# WORK TO BE COMPLETED
Keep the lines exact and the pictures out as you repeat the following listing.

# INFORMATION SUPPLIED
══════
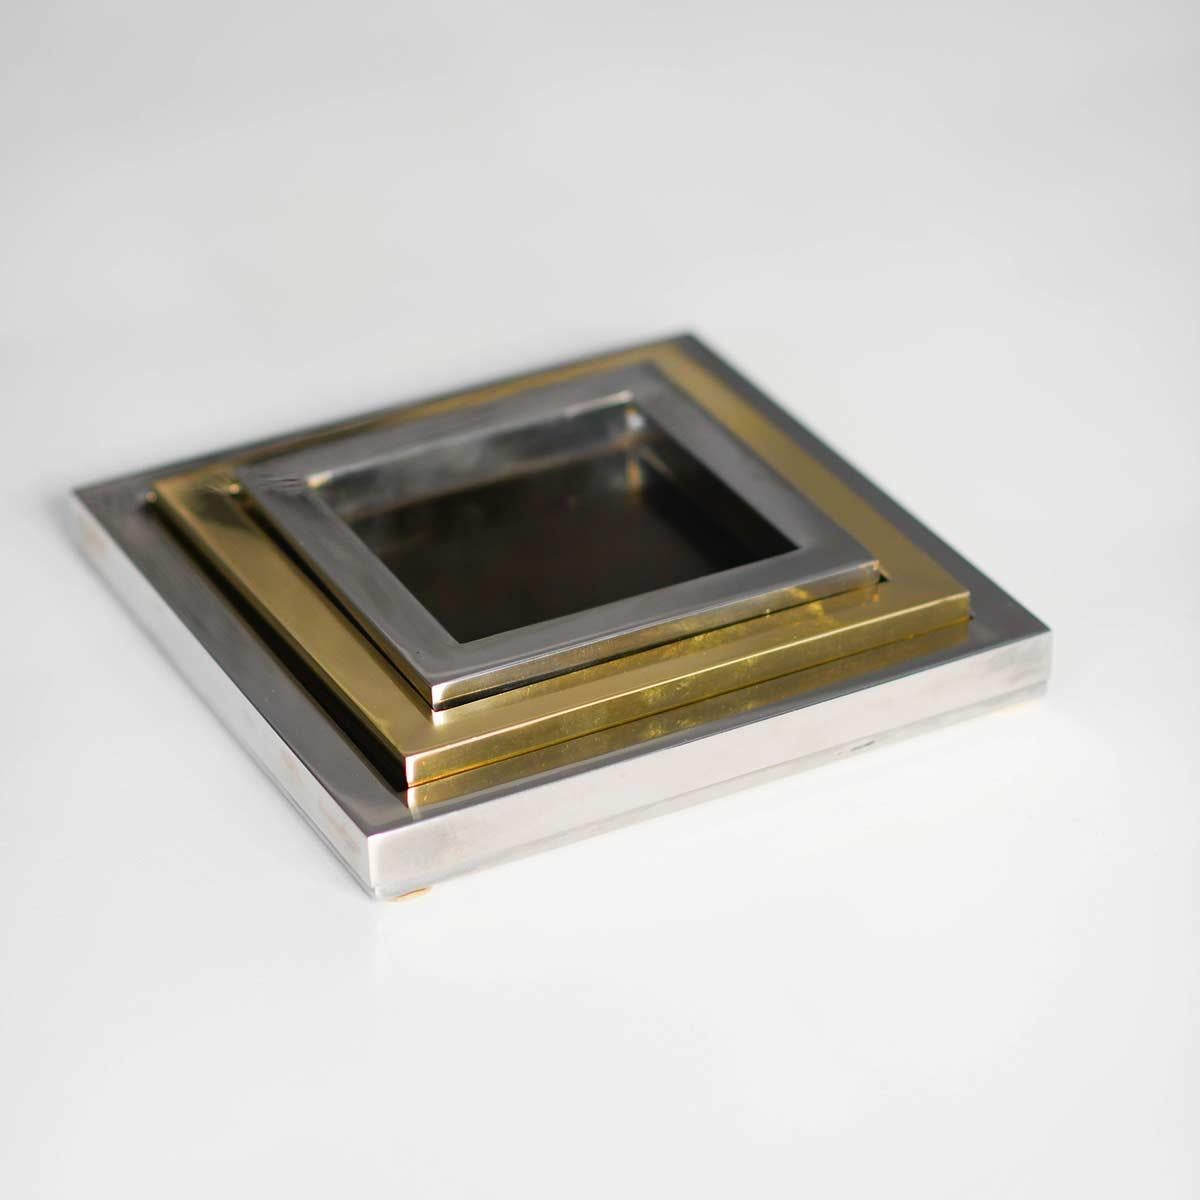 Romeo Rega coin tray in metal and brass from 1980s.
The product consists of a set of three pieces.
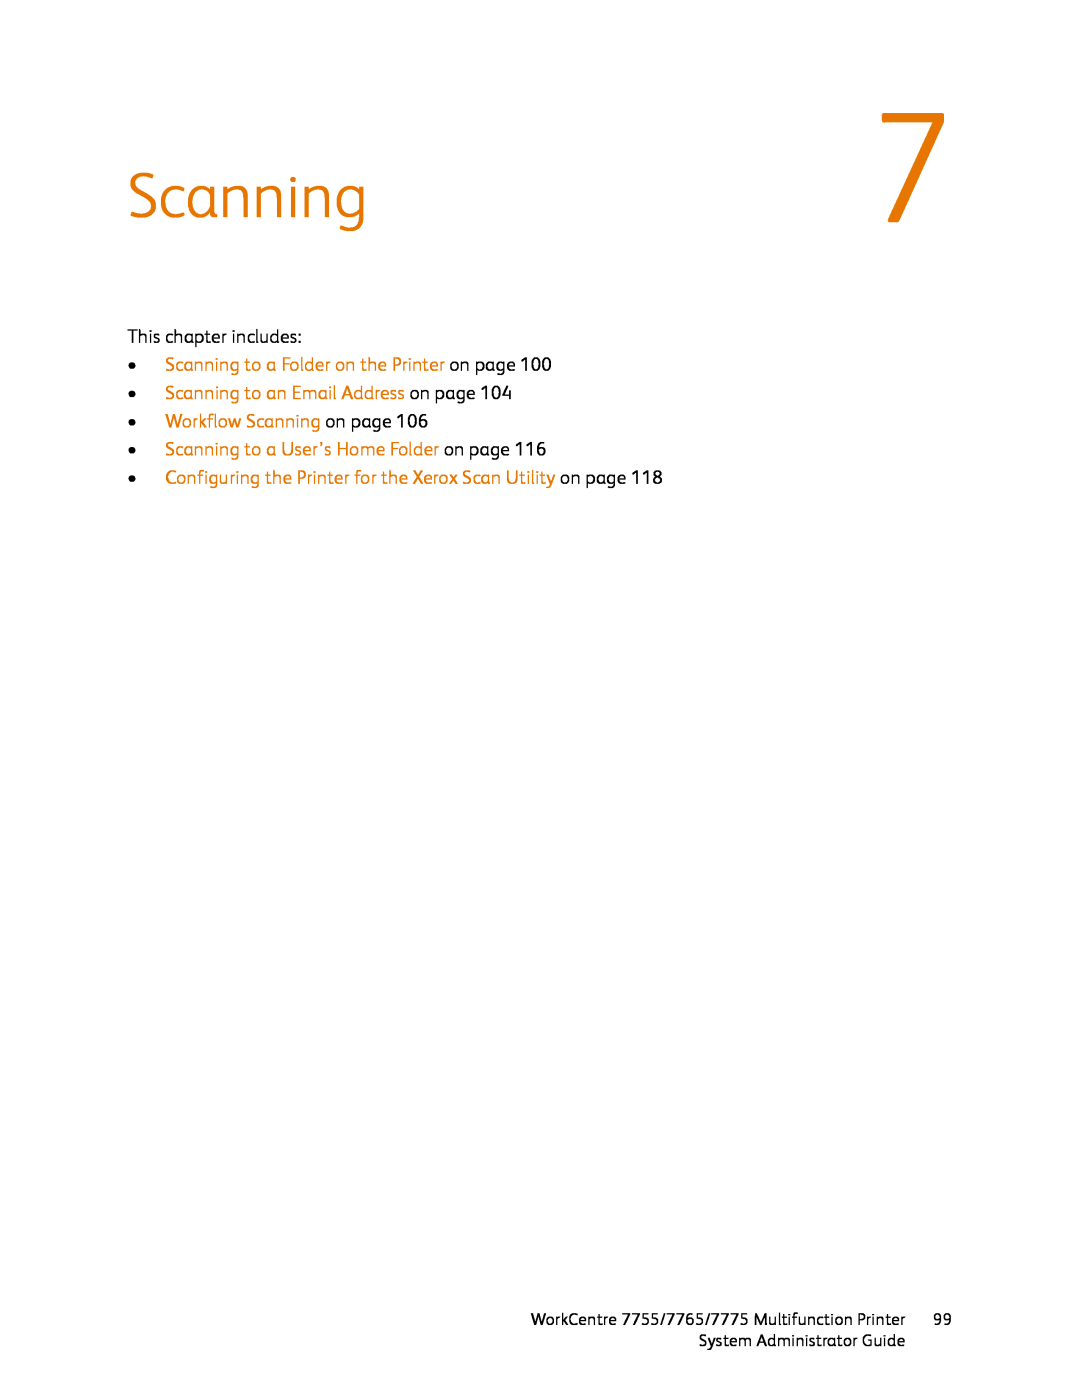 Xerox 7765, 7755, 7775 manual Scanning7, Scanning to a Folder on the Printer on page, •Scanning to an Email Address on page 
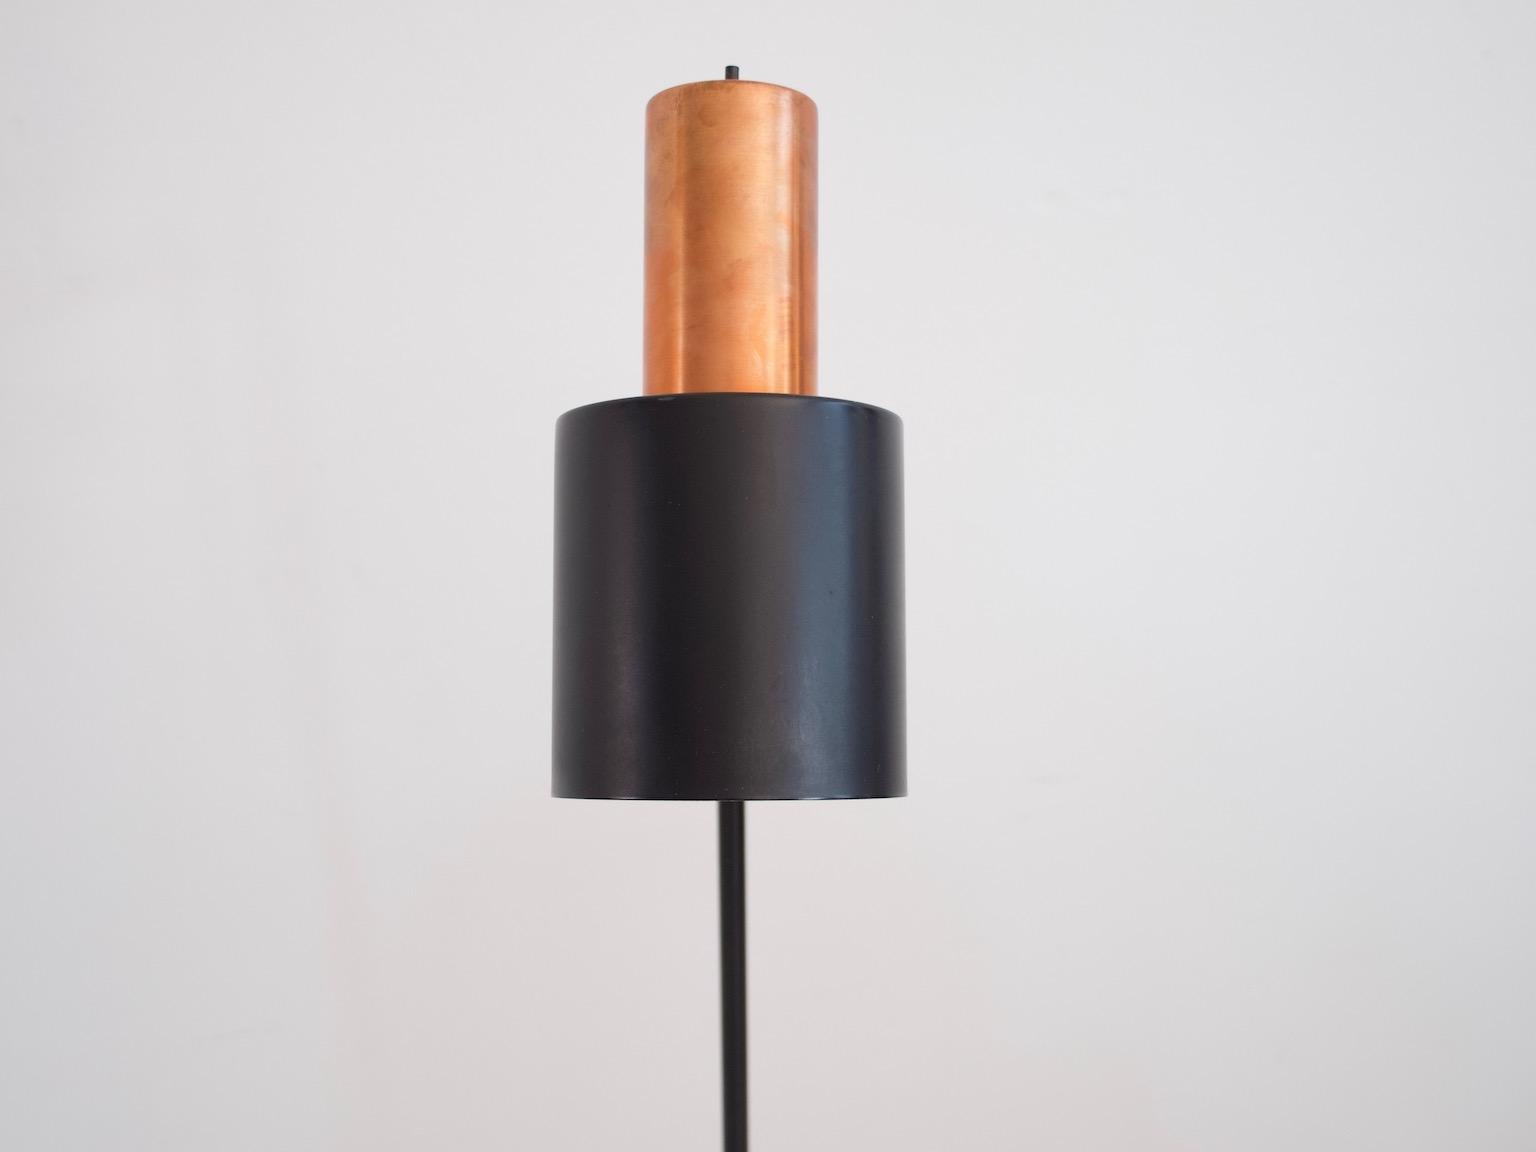 The 'Studio' floor lamp was designed by Jo Hammerborg for Fog and Mørup in 1963. It features copper and black painted metal shade and stand.
  
══════
# OUTPUT
 Romeo Rega coin tray in metal and brass from 1980s.
The product consists of a set of three pieces.
 Xerox 7765, 7755, 7775 manual Scanning7, Scanning to a Folder on the Printer on page, •Scanning to an Email Address on page 
 The 'Studio' floor lamp was designed by Jo Hammerborg for Fog and Mørup in 1963. It features copper and black painted metal shade and stand.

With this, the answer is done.